But -- however they choose to implement it -- I welcome every bit of work done to help make it easier to clean up the data. Seconding #158, heartily.

162justjim
Jun 3, 2010, 2:55 am

#158 I realise that this isn't Pedants' Corner, but I hope you mean 'prescribed'!

163Collectorator
Jun 3, 2010, 3:23 am

This member has been suspended from the site.

164jjwilson61
Jun 3, 2010, 9:13 am

If there were a ratty data flag on editions then if there was a work that was created solely due to that edition, it should probably just be removed as there would be no need for it.

165rsterling
Jun 3, 2010, 3:27 pm

160 - if you look at the spam works that have been hidden, though, I'm pretty sure none of them actually have SPAM!SPAM!SPAM in the series on the work page. I went through and deleted every instance I could find/get to.

The series may be hidden from the cloud now that the books assigned to the series were combined into other books and the latter books have now been hidden.

When you click on "spam" or "spam!spam!spam" in the CK history, the link is for a different work number that you ultimately get to. So the CK is attached to a different "work" than the one it was ultimately combined into, which is the one that got flagged and hidden.

166r.orrison
Jun 3, 2010, 5:50 pm

My point is that if the works that are now hidden by the spam flag had instead been deleted, the series would not have appeared in the series cloud, without having to add another check for the spam flag when calculating what goes into the cloud.

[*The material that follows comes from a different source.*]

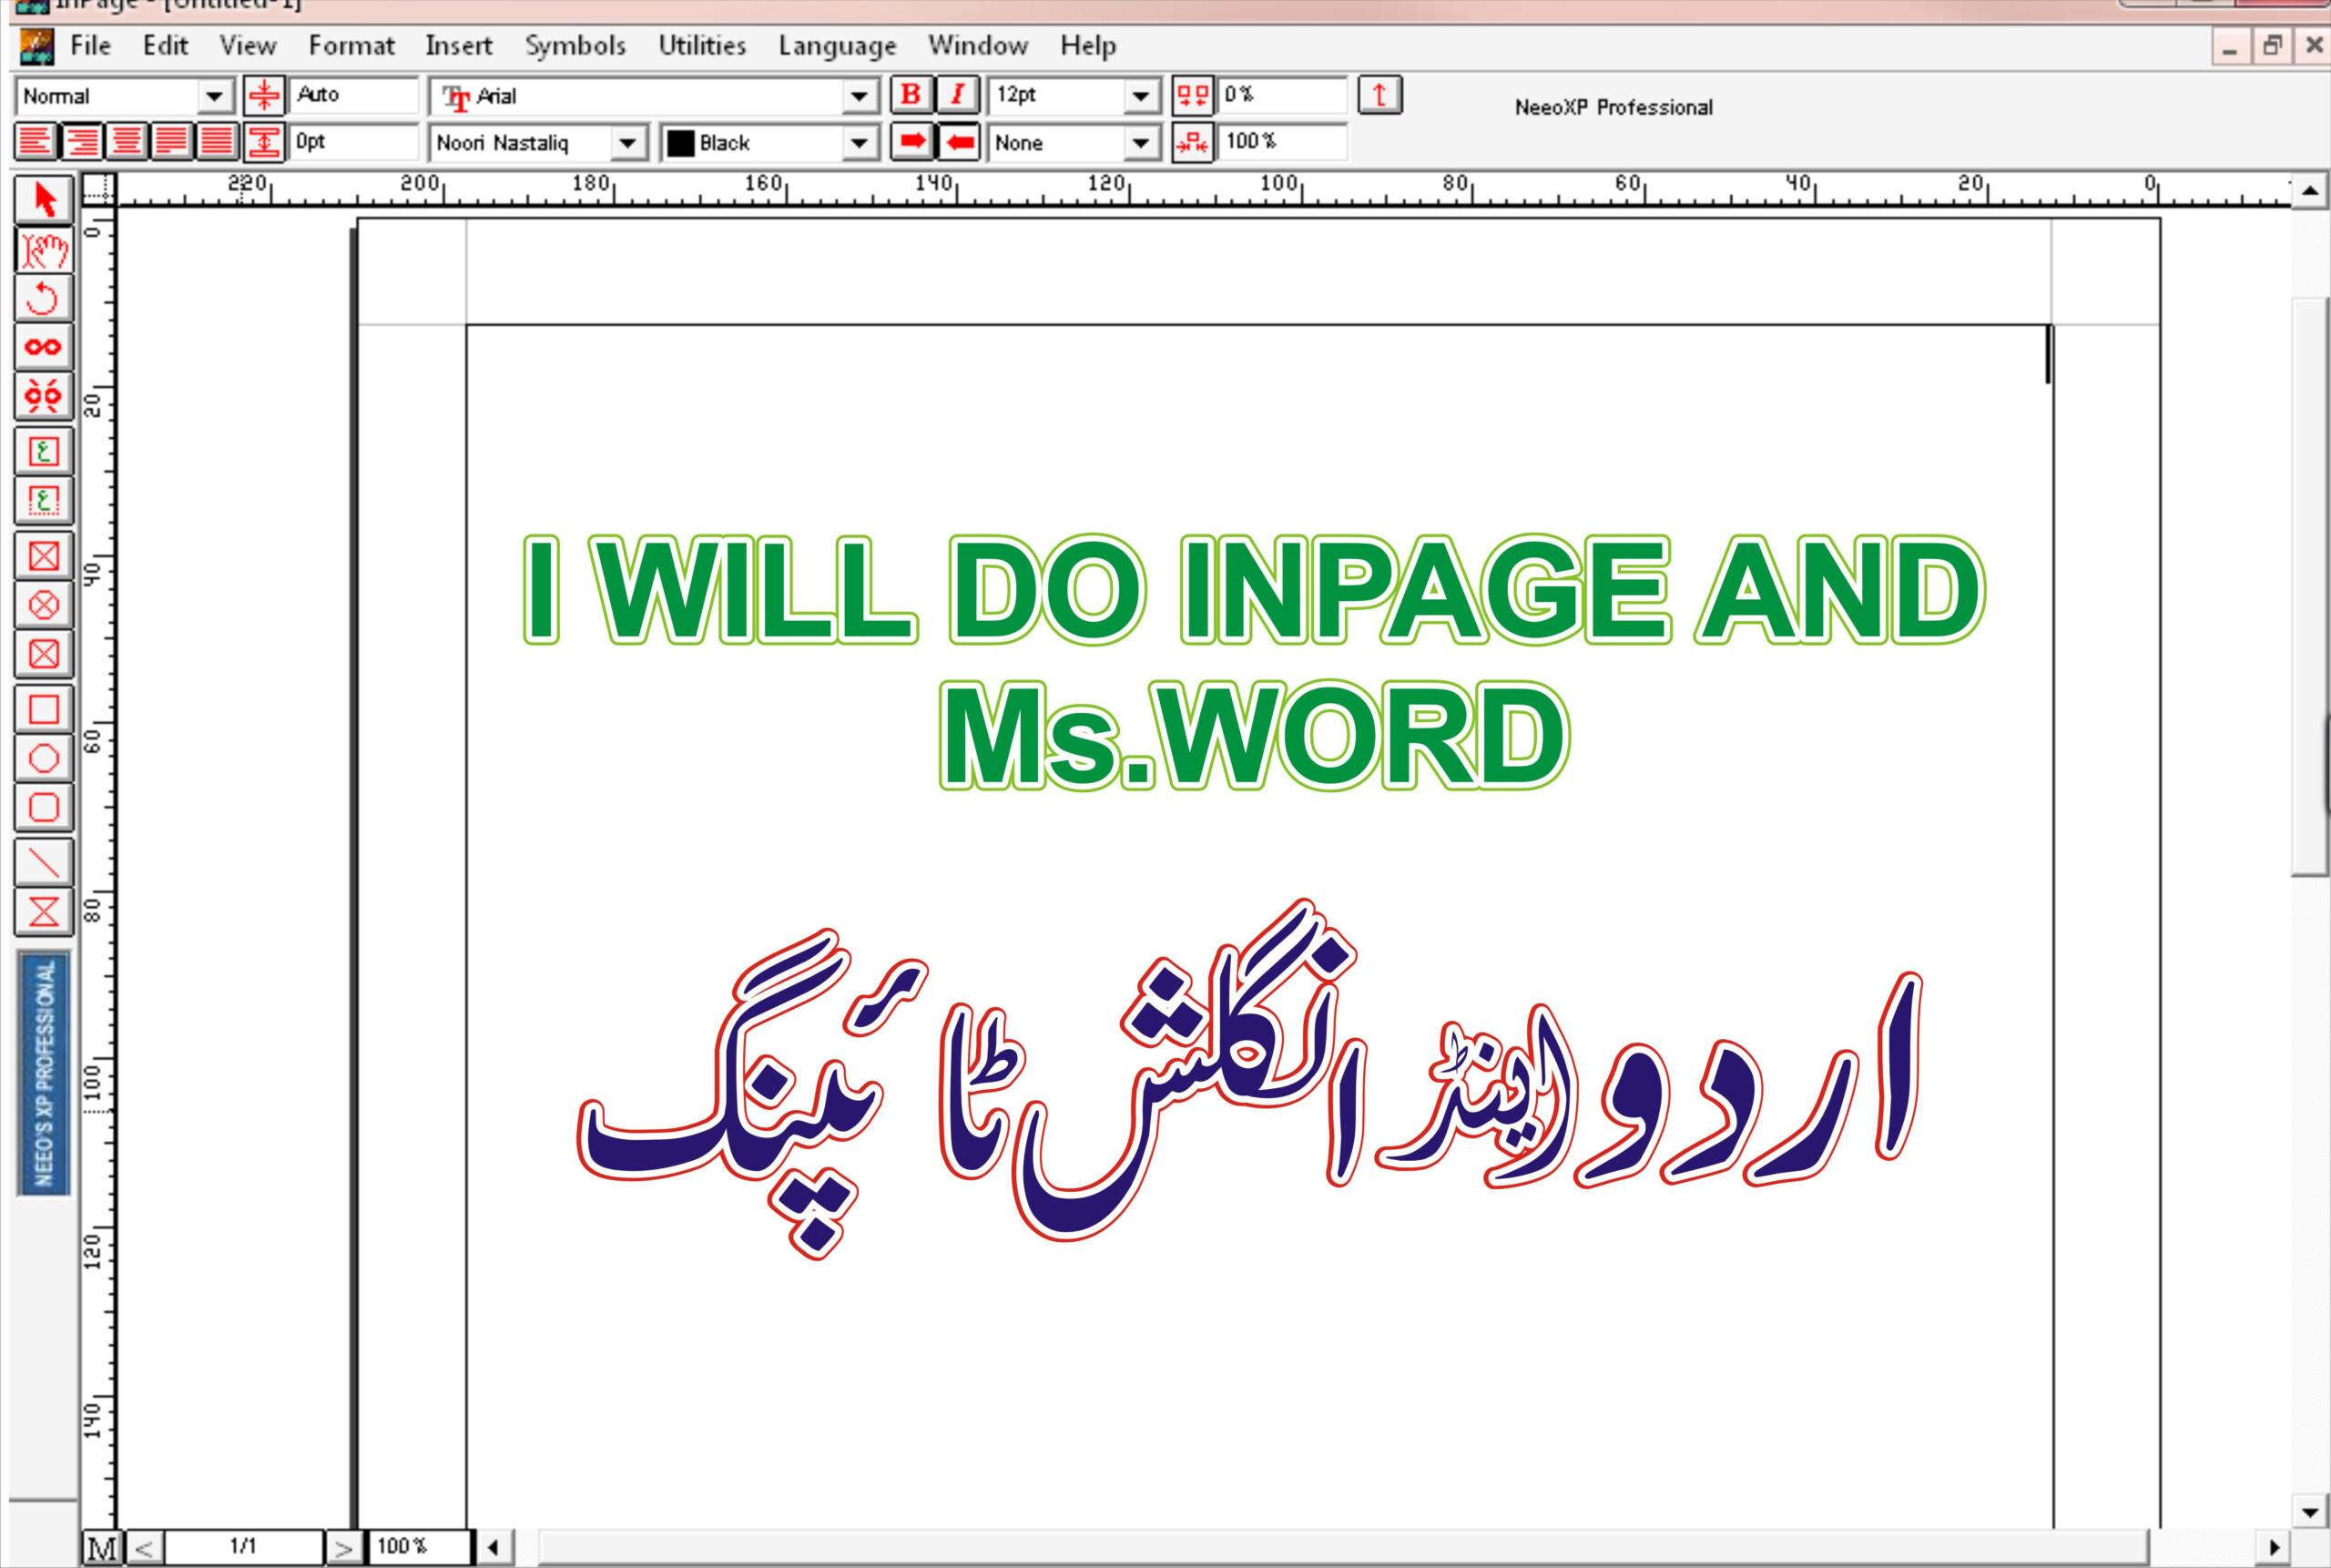 Do Urdu,english Typing And Setting On Inpagechaudhrgraphics

It doesn't matter whether it's the work directly linked to from the history list, or some other work that it has been combined into. It doesn't matter that it has been removed from as many works as possible.

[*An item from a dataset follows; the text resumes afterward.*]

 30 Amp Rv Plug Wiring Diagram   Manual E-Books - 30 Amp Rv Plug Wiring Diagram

The series appeared in the series cloud a couple days ago when it was recalculated, Tim added a check for the spam flag where there had not been one previously, and now it is gone. The works were combined and edited and voted away as spam long before it appeared.

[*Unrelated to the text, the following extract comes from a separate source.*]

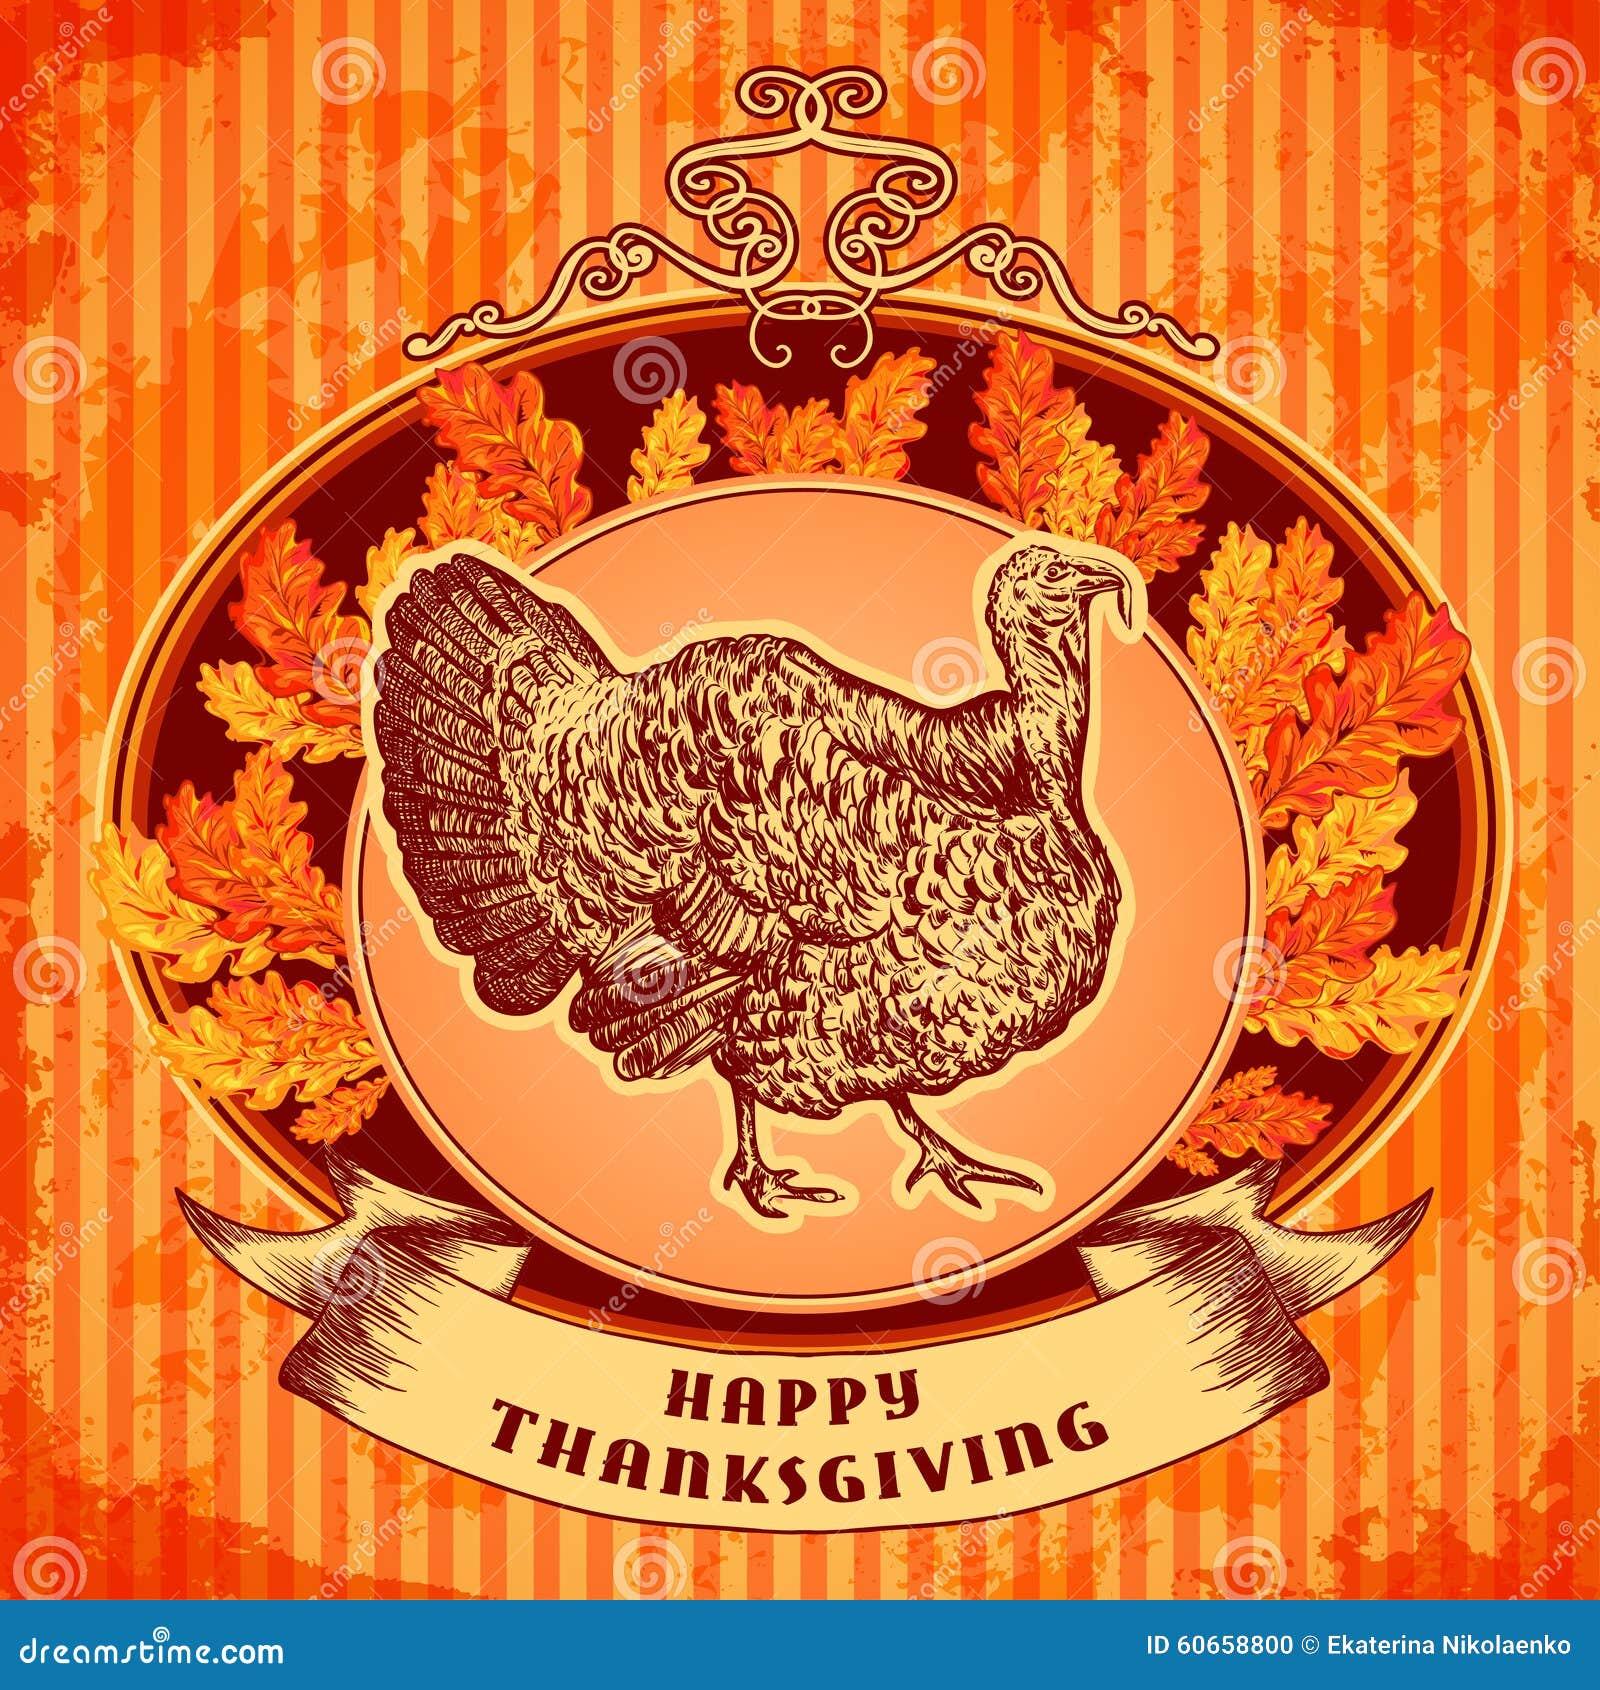 Vintage Thanksgiving Stock Illustrations 23 139 Vintage Thanksgiving Stock Illustrations Vectors Clipart Dreamstime

If the works that he is checking in order to hide it had instead been deleted, it wouldn't have appeared in the first place.

167Collectorator
Jun 3, 2010, 7:41 pm

This member has been suspended from the site.

168kathrynnd
Jun 3, 2010, 7:54 pm

I don't think it's only the spam role in this problem, I came a across a work of zero copies by Jules Verne yesterday. I separated out the ones correctly belonging to the author Malvina G. Vogel but some belonging to other authors' works (or other Jules Verne works) remain. Should this be broken?

http://www.librarything.com/work/9471614/editions

169Collectorator
Jun 3, 2010, 8:06 pm

This member has been suspended from the site.

170rsterling
Jun 3, 2010, 10:13 pm

I don't think the spam issue is connected to zero copies per se. I think the spam issue is about people modifying CK to add markers that something is spam (series, canonical titles, canonical authors), etc. It's related to zero copies in the sense that zero-copy works is another place where people are modifying CK.

So I think there are 2 distinct but sometimes related issues Tim was talking about:
- separating out zero copies
- changing CK to indicate something about data quality (whether a book is spam or whether a book has no copies)

171r.orrison
Jun 4, 2010, 1:21 am

I'm not claiming any relationship between spam and zero copies works, and I haven't seen anyone else doing it. It's a question of hiding vs. deleting data.

Confirmed spam is currently marked as such in the database and hidden. It sometimes shows up in places where the flag is not being checked. If it had been deleted it couldn't show up anywhere.

The proposal is that incorrect zero-copy editions be marked and hidden. Its flag will need to be checked everywhere that it could show up. If it's deleted it can't show up anywhere.

The problem that I pointed out with the spam series is an illustration of what can occur when you just try to hide data. You have to check whether it needs to be hidden in every place that it could possibly show up, and checks can be missed. If you delete the data, it won't be there.

172Collectorator
Jun 4, 2010, 6:08 am

This member has been suspended from the site.

173rsterling
Jun 4, 2010, 10:12 am

172 - Weird. Why would that have been suppressed as spam? That doesn't make sense to me. It would make more sense to separate those editions back out and combine them with their proper works. And to remove the CK altogether.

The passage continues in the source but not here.